In particular, when the infrared absorbing substance is the infrared absorbing pigment and / or the ITO, it is preferable that these are included in the base layer. It is because the refractive index of an infrared reflective film may differ from a desired value when these are contained in a film part other than the base layer in a relatively large amount. When the infrared absorbing material is the infrared absorbing pigment and / or the ITO or the like, it is preferable that almost the entire amount is contained in the base layer and not contained in the film portion in principle.
Further, in this case, when the laminated glass for windows of the present invention is used, the base layer is disposed on the inner side (for example, the vehicle inner side), and the high refractive index layer and the low refractive index layer are disposed on the outer side (for example, the vehicle outer side). It is preferred that In this case, the infrared rays from the outside to the inside are reflected to suppress the transmission, and the transmitted infrared rays can be absorbed by the infrared absorbing material.

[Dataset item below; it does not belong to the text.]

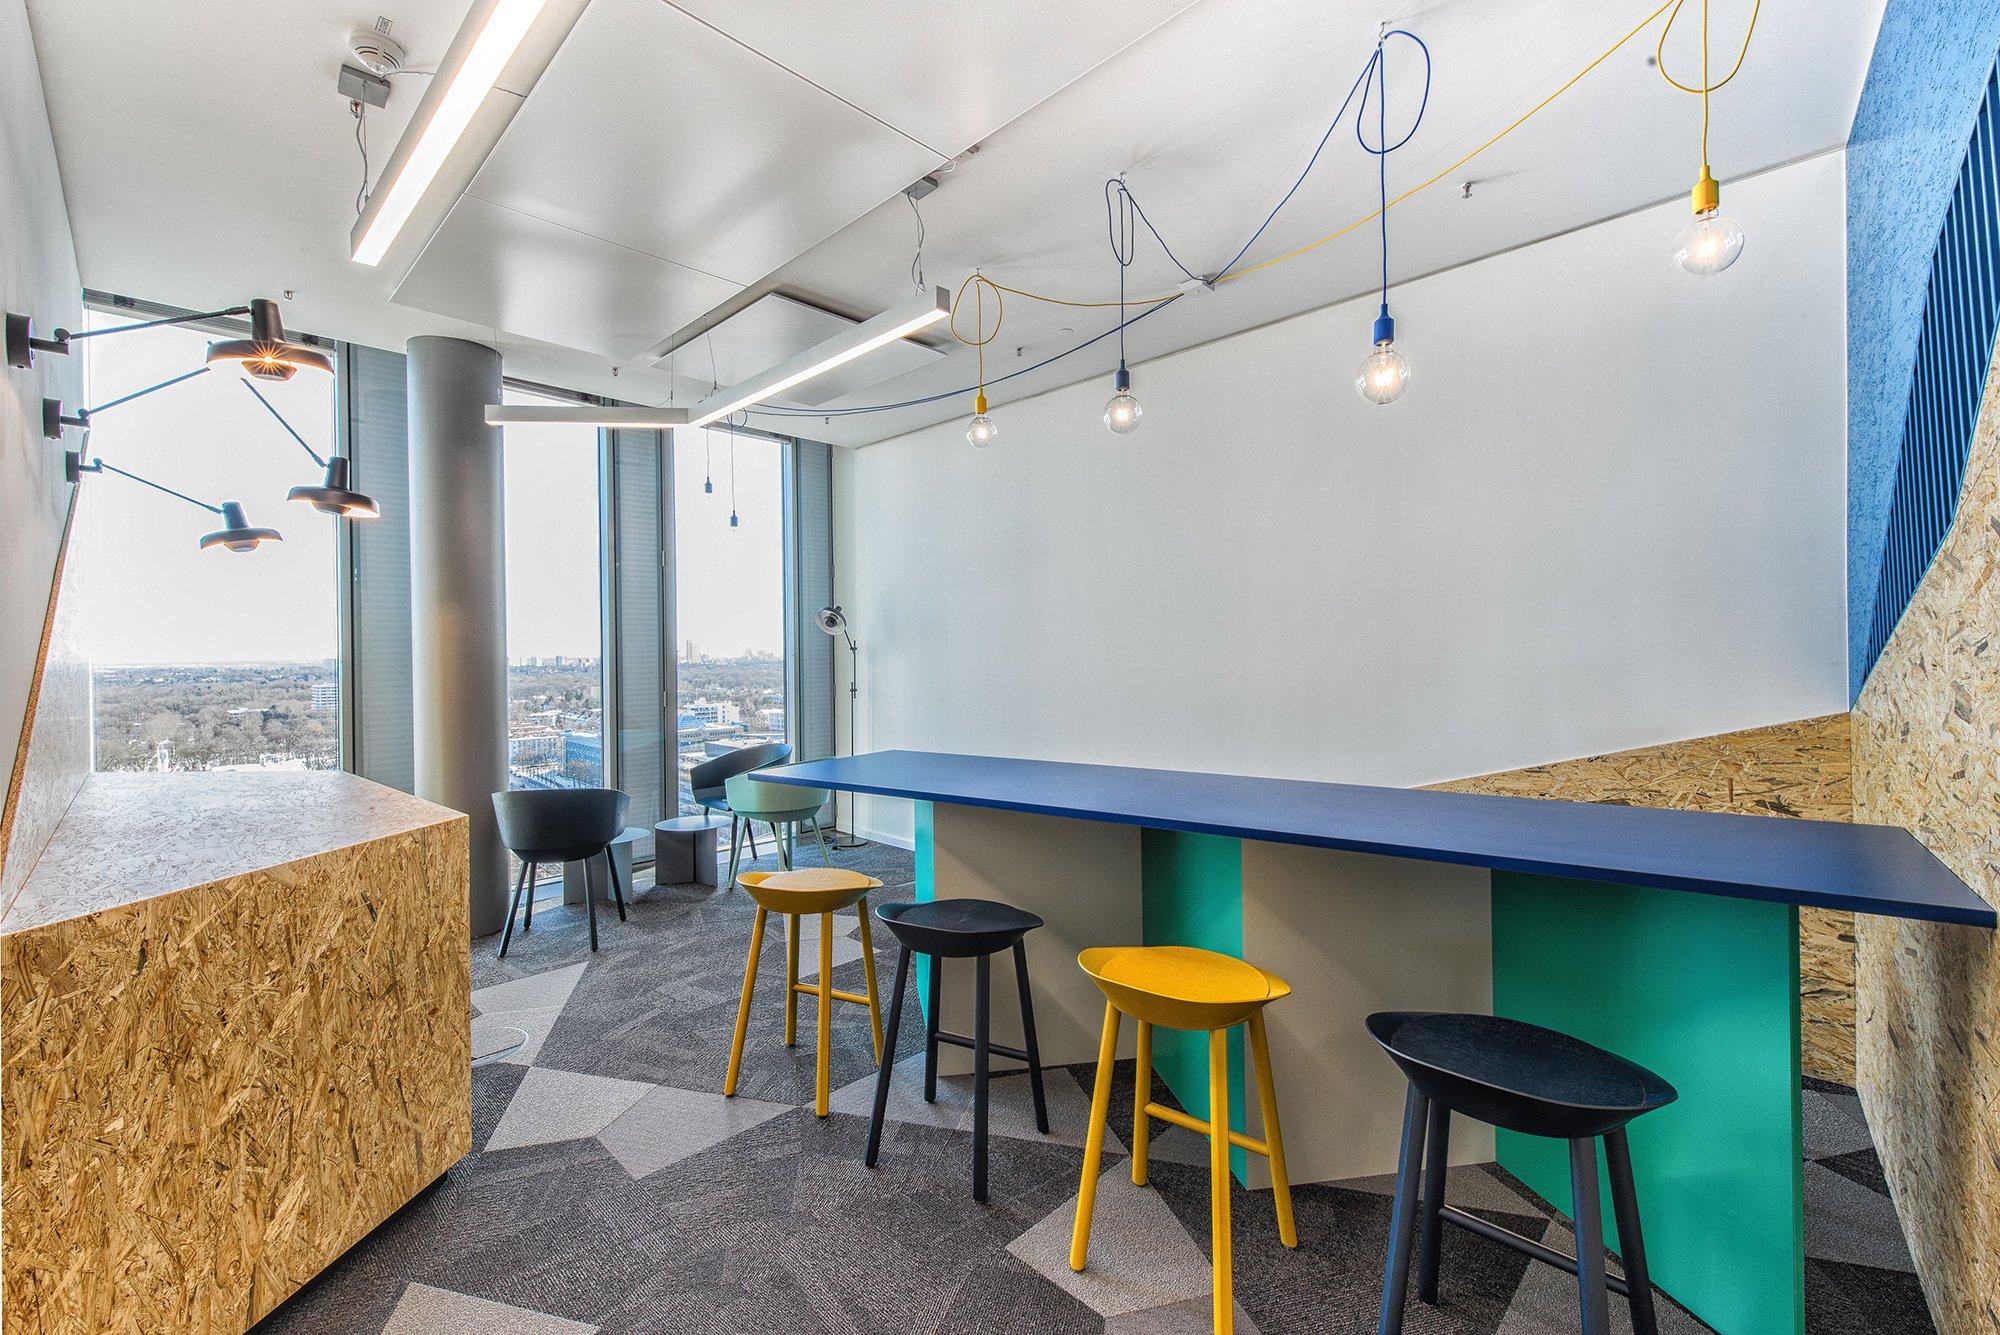 Ergebnisoffene Prozesse finden in den Büroflächen mit Werkstattanmutung des Forschungsinstituts Fortiss genügend Raum. Foto: Susanne Öllbrunner

Although the manufacturing method of the infrared reflective film containing the said infrared absorptive substance used for the laminated glass for windows of this invention is not specifically limited, For example, it can manufacture by the following methods.
This will be described with reference to FIG. FIG. 2 is a schematic view for explaining a method for producing an infrared reflective film used in the present invention.
Two kinds of raw materials 100 and 102 having different optical properties are heated from the glass transition temperature to the melting temperature, and then supplied to the multilayer feed block 104. Then, for example, extrusion is performed at an extrusion temperature of about 295 ° C. and a supply amount of about 10 to about 150 kg / hour for each material to form a layered feed. Next, this is sent to the layer multiplier 106, which is divided into a plurality of flow streams and stacked to increase the number of stacks.
The skin layer (base layer) 111 can be formed with the feed block 110 using the raw material 108 for the skin layer 111 before passing through the die 112. Here, the extrusion rate of the skin layer 111 can be 2 to 50 kg / hour (1 to 40% of the total extrusion rate). The skin layer 111 may be formed on both surfaces of the layered feeds laminated as shown in FIG.

  If a desired amount of the infrared absorbing substance is added to the desired raw materials 100, 102 and 108, the infrared reflective film used in the present invention can be manufactured. In the case of manufacturing the base layer containing the infrared absorbing substance only, the skin layer 111 may be formed on one side of the laminated layered feed, and the infrared absorbing substance may be added only to the raw material 108.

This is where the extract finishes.